The graphics in Burnout 2: Point of Impact look very nice for the time and it’s clear Criterion was able to wring a lot more performance out of their RenderWare engine for Point of Impact. The cars and environments are much more detailed than in the original, and effects such as motion blur look more robust as well. This is a good-looking game overall, and the performance never falters at least on the GameCube version I’ve been playing.
The music was once again composed by Stephen Root and consists of instrumental rock and electronic tracks, which aren’t particularly memorable except for the main menu track. While a fairly simple hard rock track, it’s quite catchy and would show up in multiple other Burnout games in later years. During the races, the soundtrack plays fairly quietly in the background for the most part, but when you boost the music also gets cranked up as it swells up to its full glory. If you use the custom soundtrack feature on the Xbox, you obviously miss out on this effect.
While all the screenshots in this article are from the GameCube version (being played on the Wii in 480p mode), the Xbox release is arguably the best one as it features some extra content. Now, most of the Xbox version’s content is also in the GameCube release and only the PS2 misses out on the extra cars and those 15 new crash junctions I mentioned earlier. All the Xbox really has over the GameCube are some extra vehicle skins, custom soundtrack support (only on the original Xbox, obviously, although the game itself appears to run well enough on the 360 with occasional frame drops), and Xbox Live leaderboards which were taken down years ago.
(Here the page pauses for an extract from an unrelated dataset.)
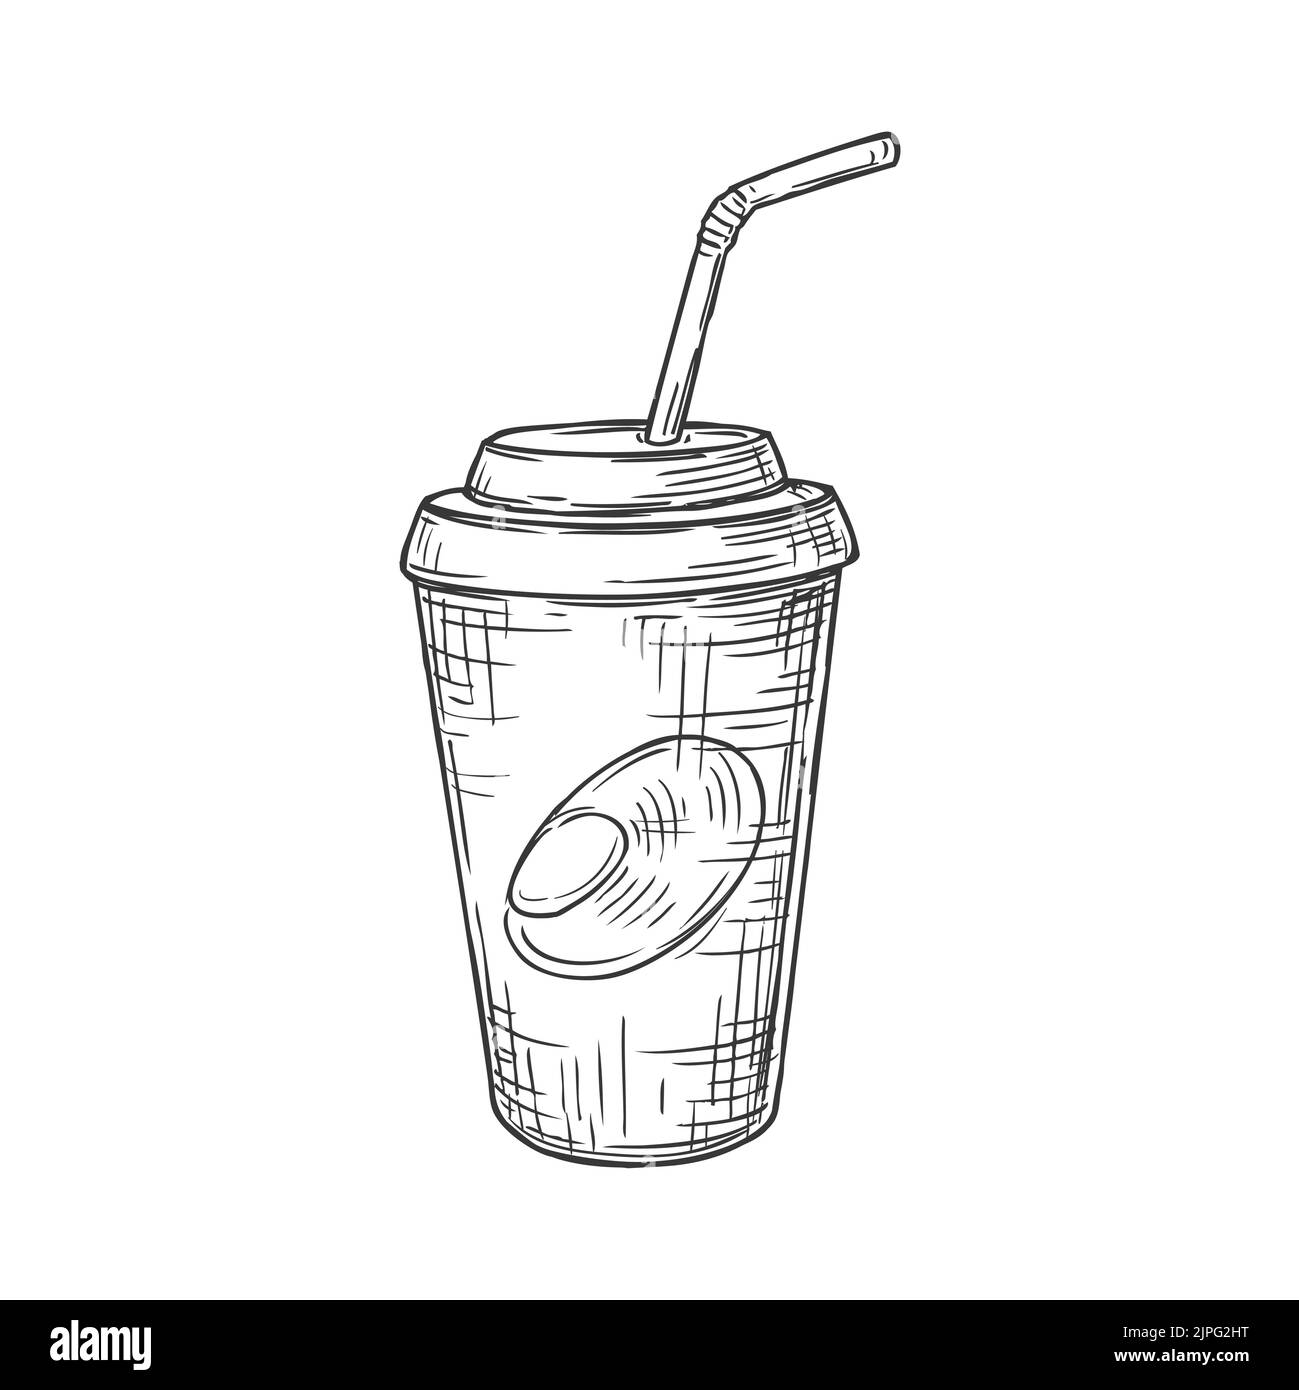 Paper Disposable Cup Lid Drinking Straw Cold Beverage Soda Ice Stock Vector  by ©RaZalina 546300526

The Xbox version has slightly nicer graphics as well (the biggest difference to the GameCube version I noticed when I booted up the game on the Xbox is the lack of dithering in alpha effects such as smoke), but that’s not a big deal because all versions look good. Even the PS2 release holds up quite well from what I’ve seen, the jaggy mess we saw in the original game is only a distant memory. All versions are stupidly cheap these days, so you can’t really go wrong with any of them. I would love to see this game remastered for the current generation, or at least made playable on the Xbox One whose backwards compatibility feature is capable of some rather amazing things.
Burnout 2: Point of Impact would be the last Burnout game published by Acclaim (who were in their “all publicity is good publicity” mode at the time, and briefly even had an ill-advised and ill-fated promotion where they offered to reimburse speeding tickets in the UK), as the company would sell Burnout to EA (who would also buy Criterion) after the release of Point of Impact, and eventually shut their doors in August 2004.
EA wanted some quality IPs around this time and Burnout fit the bill nicely, but how was the series going to change under these new corporate overlords? To that question, Criterion would soon provide a simple, one-word answer: Takedown. After two games that were fairly popular but not exactly blockbuster hits, Burnout was about to… well, crash into the mainstream.